* Dataset section

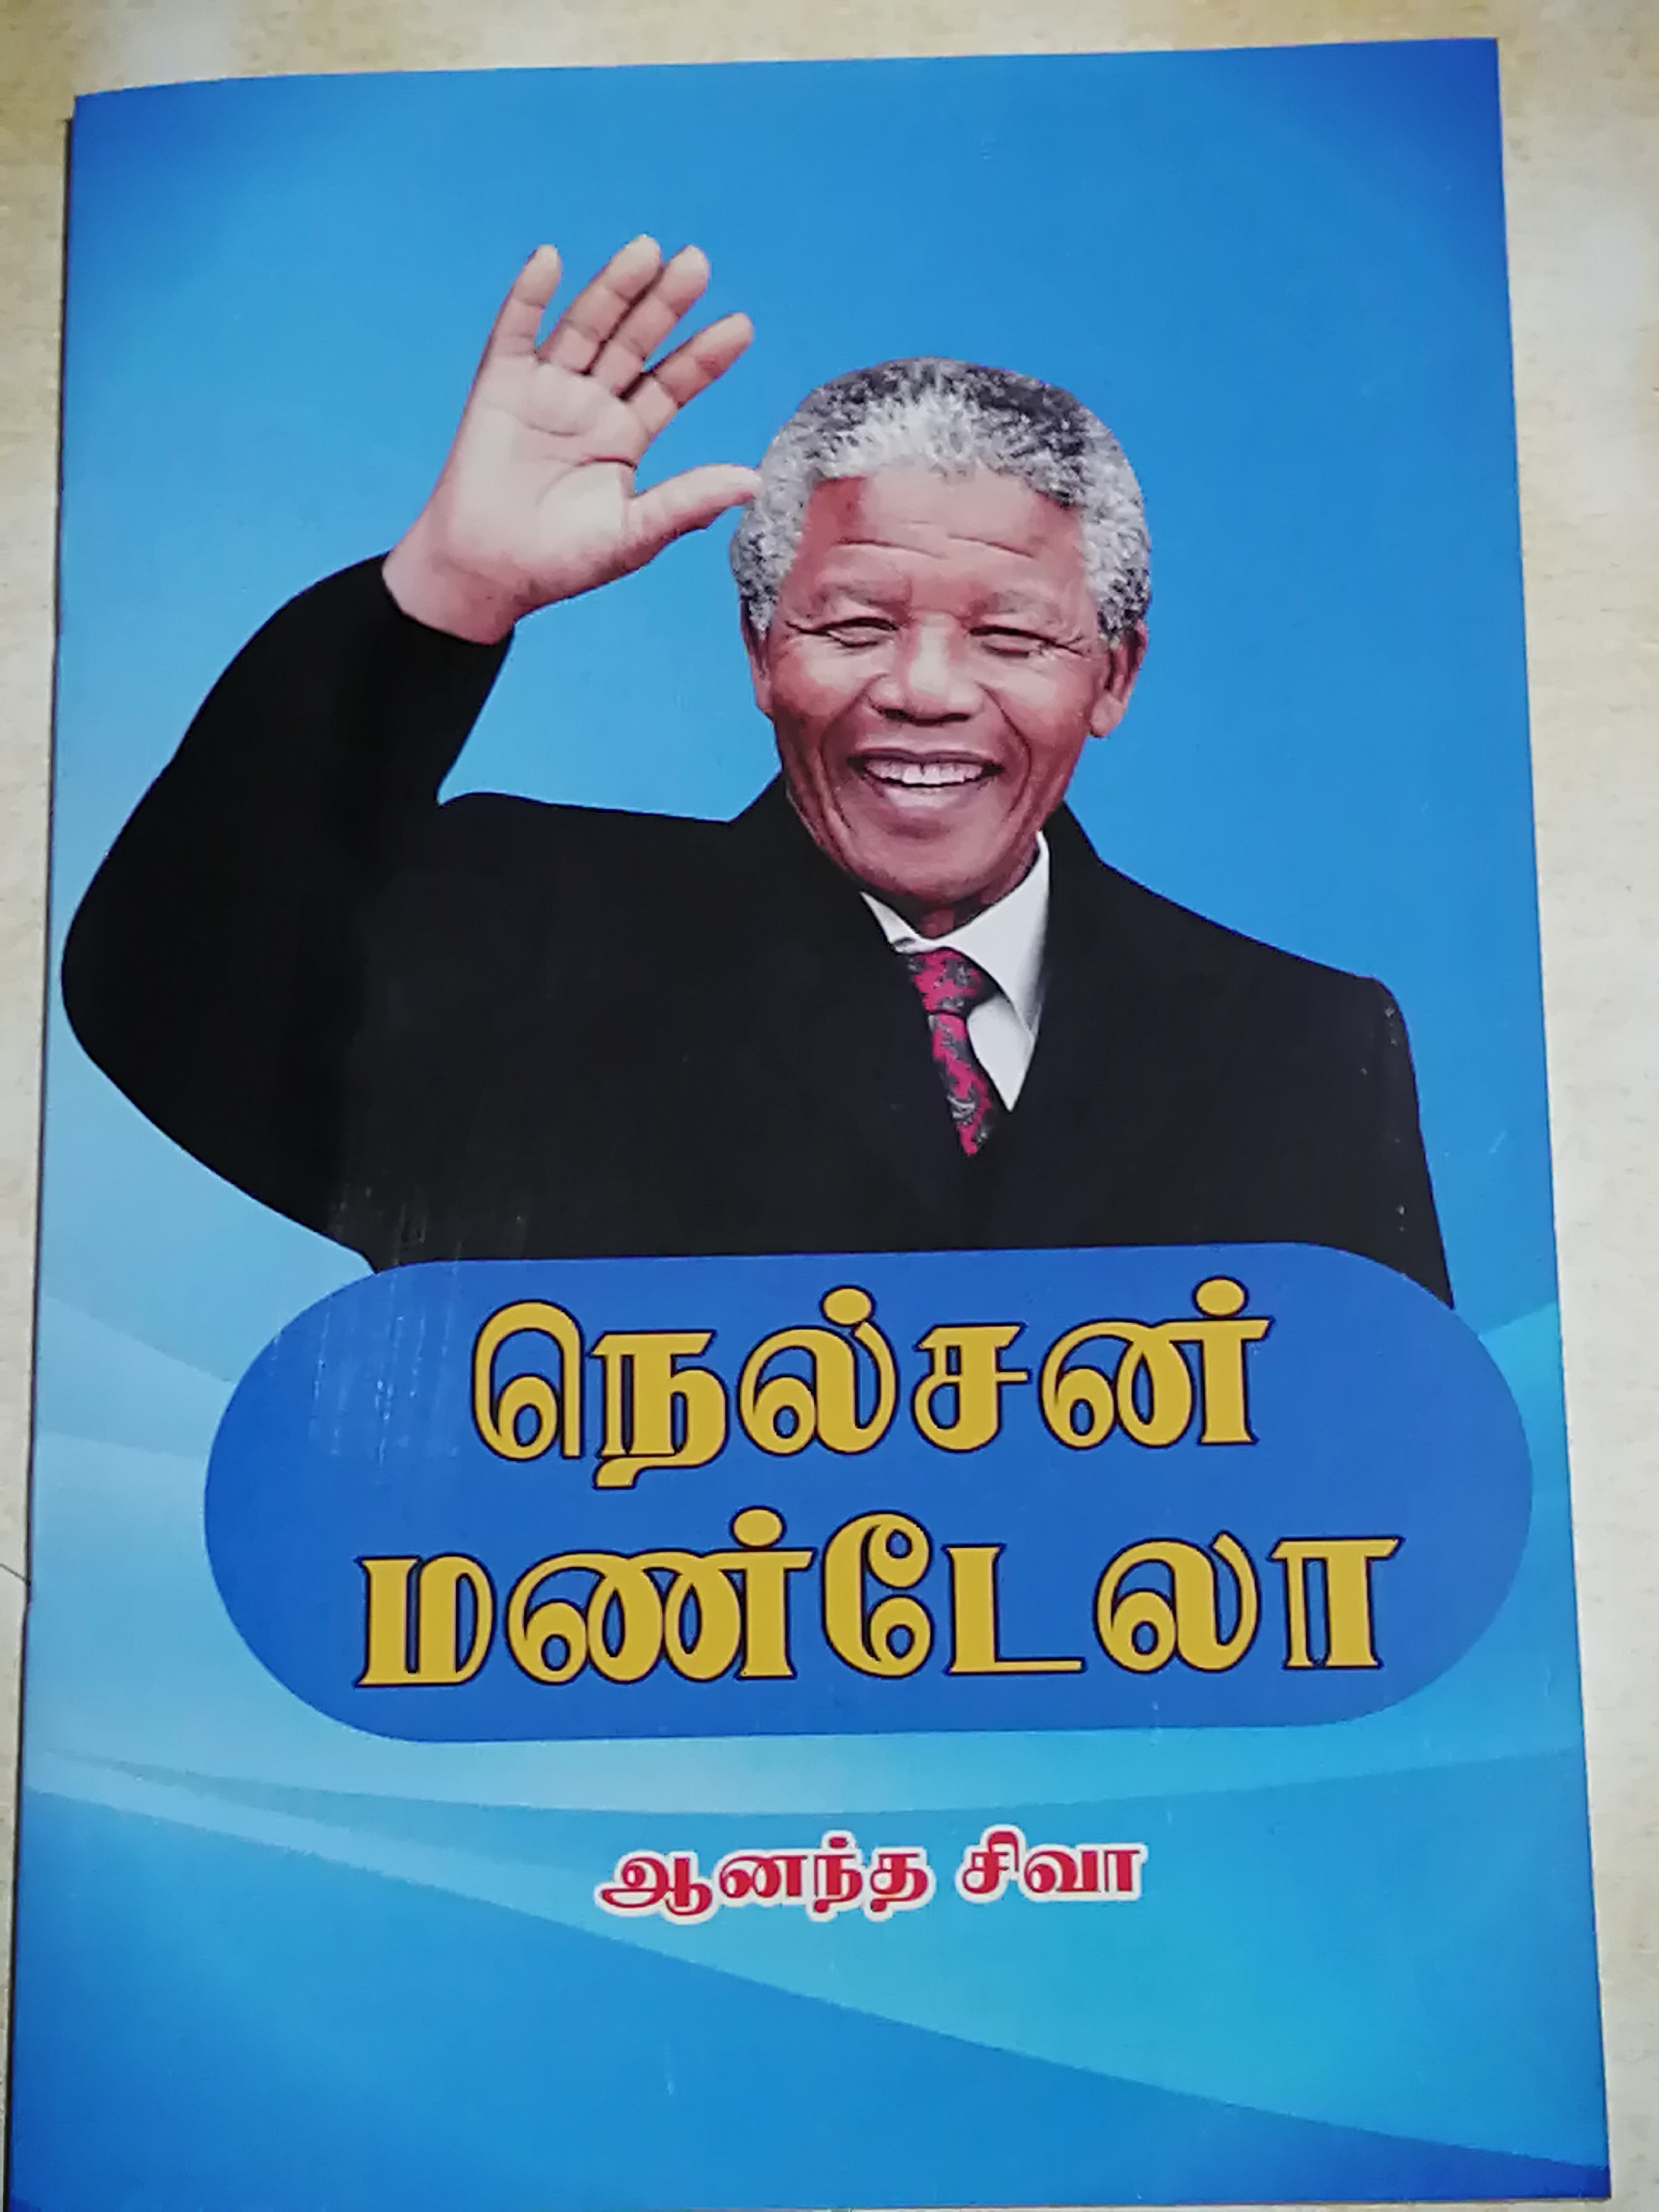 Nelson Mandela by Ananda Siva நெல்சன் மண்டேலா - ஆனந்த சிவா
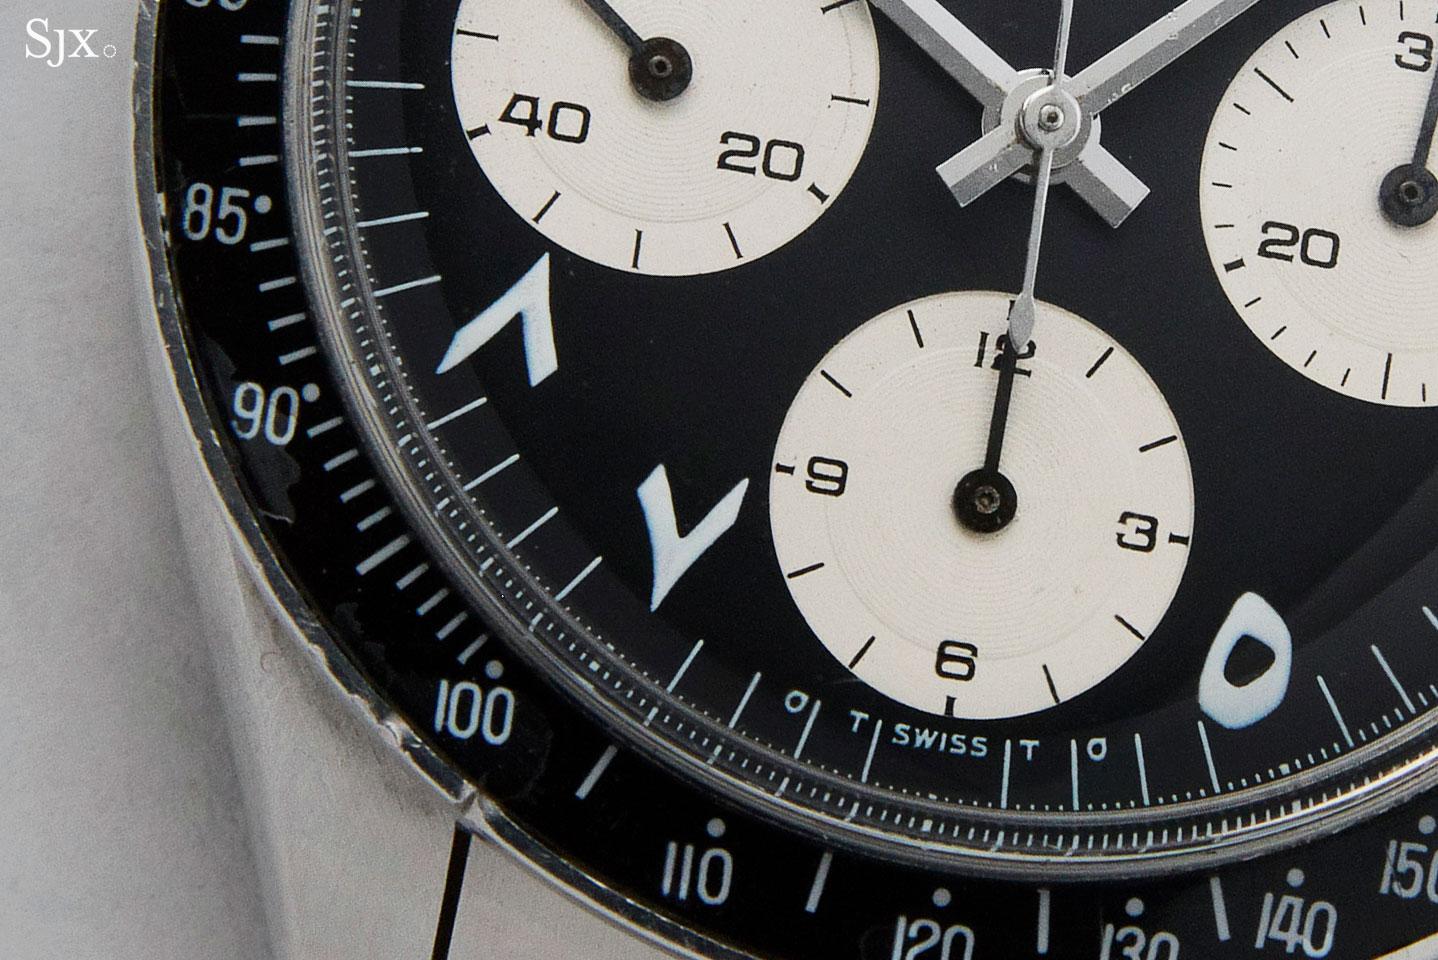 Rolex Daytona 6263 Arabic Indic numerals 2
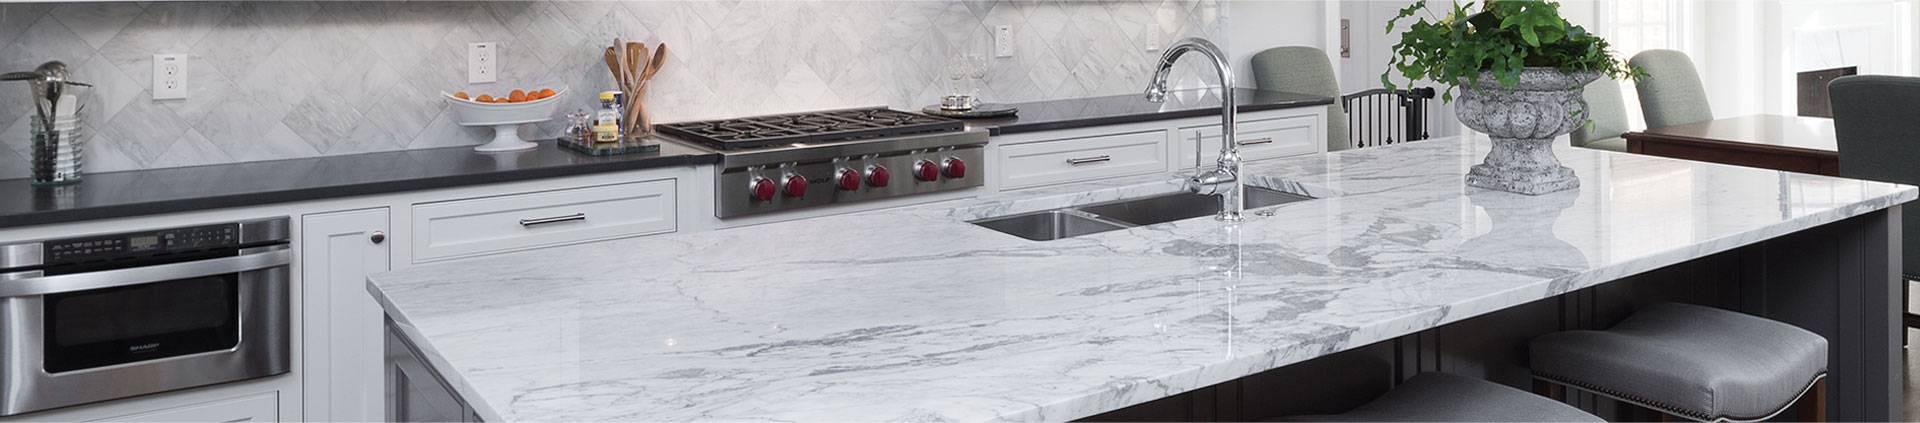 Contemporary Urban Design White Countertops With Veins
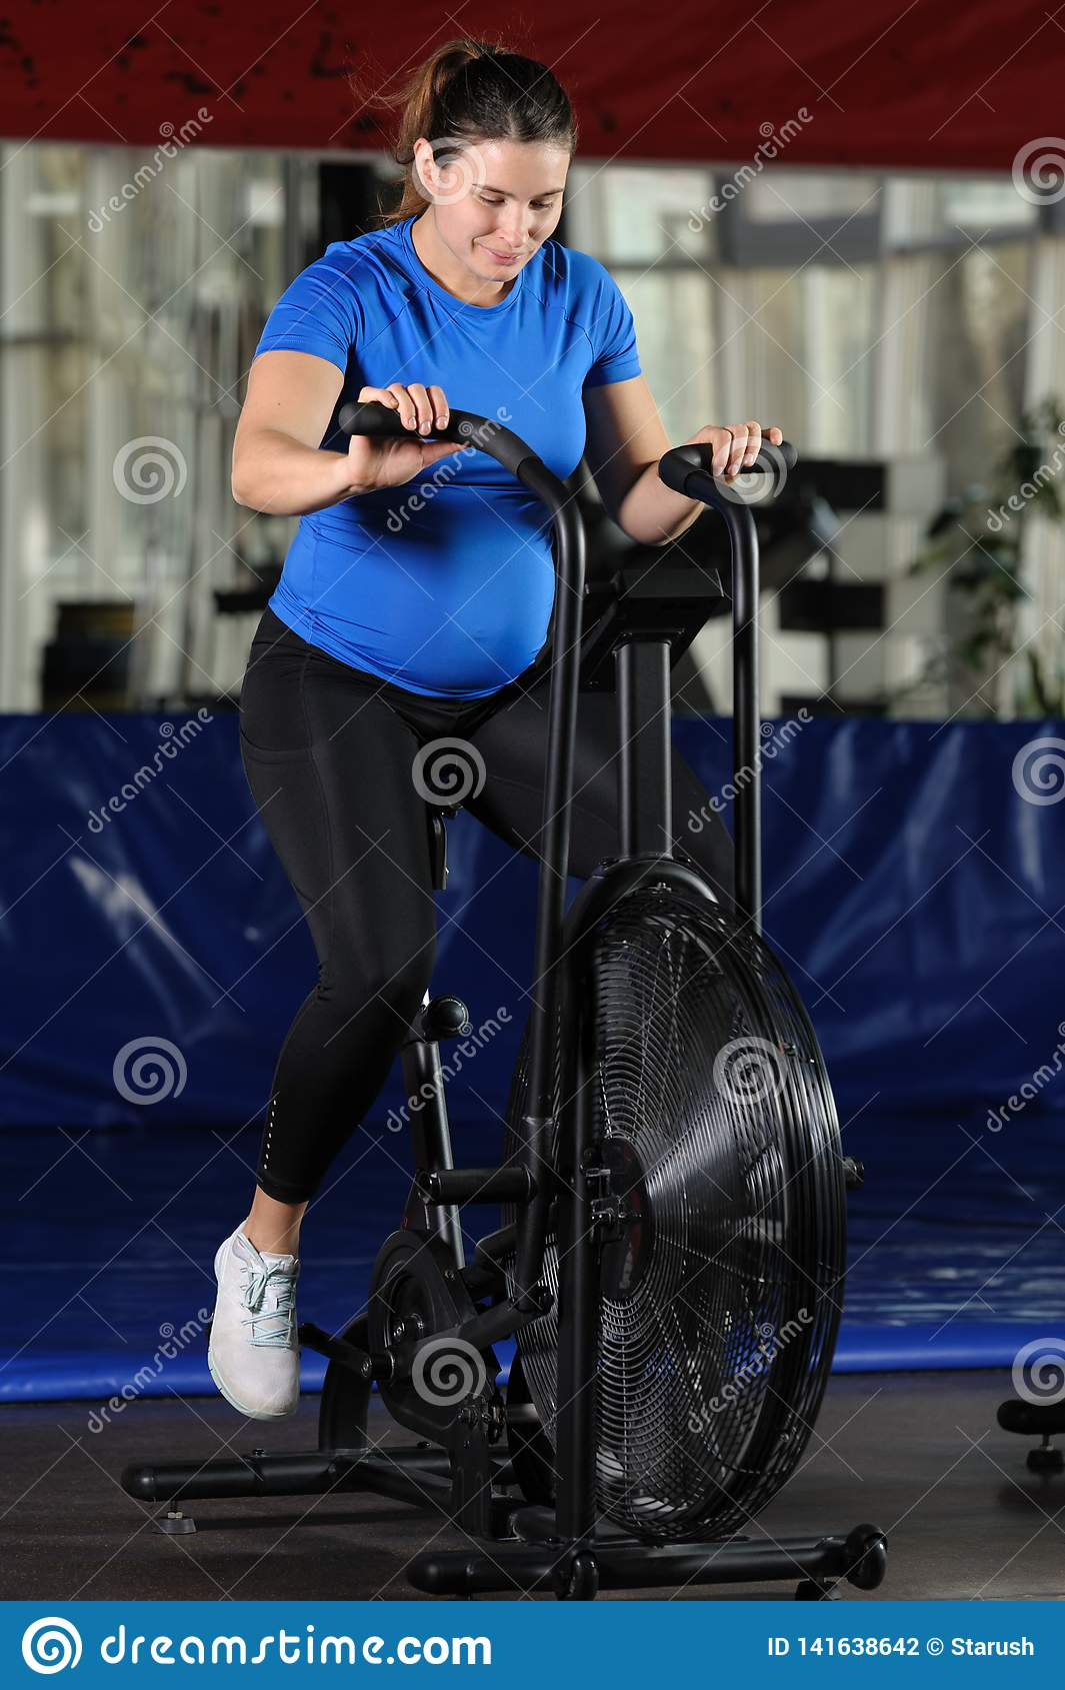 Pregnant woman doing intense workout at gym air bike

* Work required
Would you please transcribe the listing in full, exactly, while omitting the images?

* Solution for this task
 Nelson Mandela by Ananda Siva நெல்சன் மண்டேலா - ஆனந்த சிவா
 Rolex Daytona 6263 Arabic Indic numerals 2
 Contemporary Urban Design White Countertops With Veins
 Pregnant woman doing intense workout at gym air bike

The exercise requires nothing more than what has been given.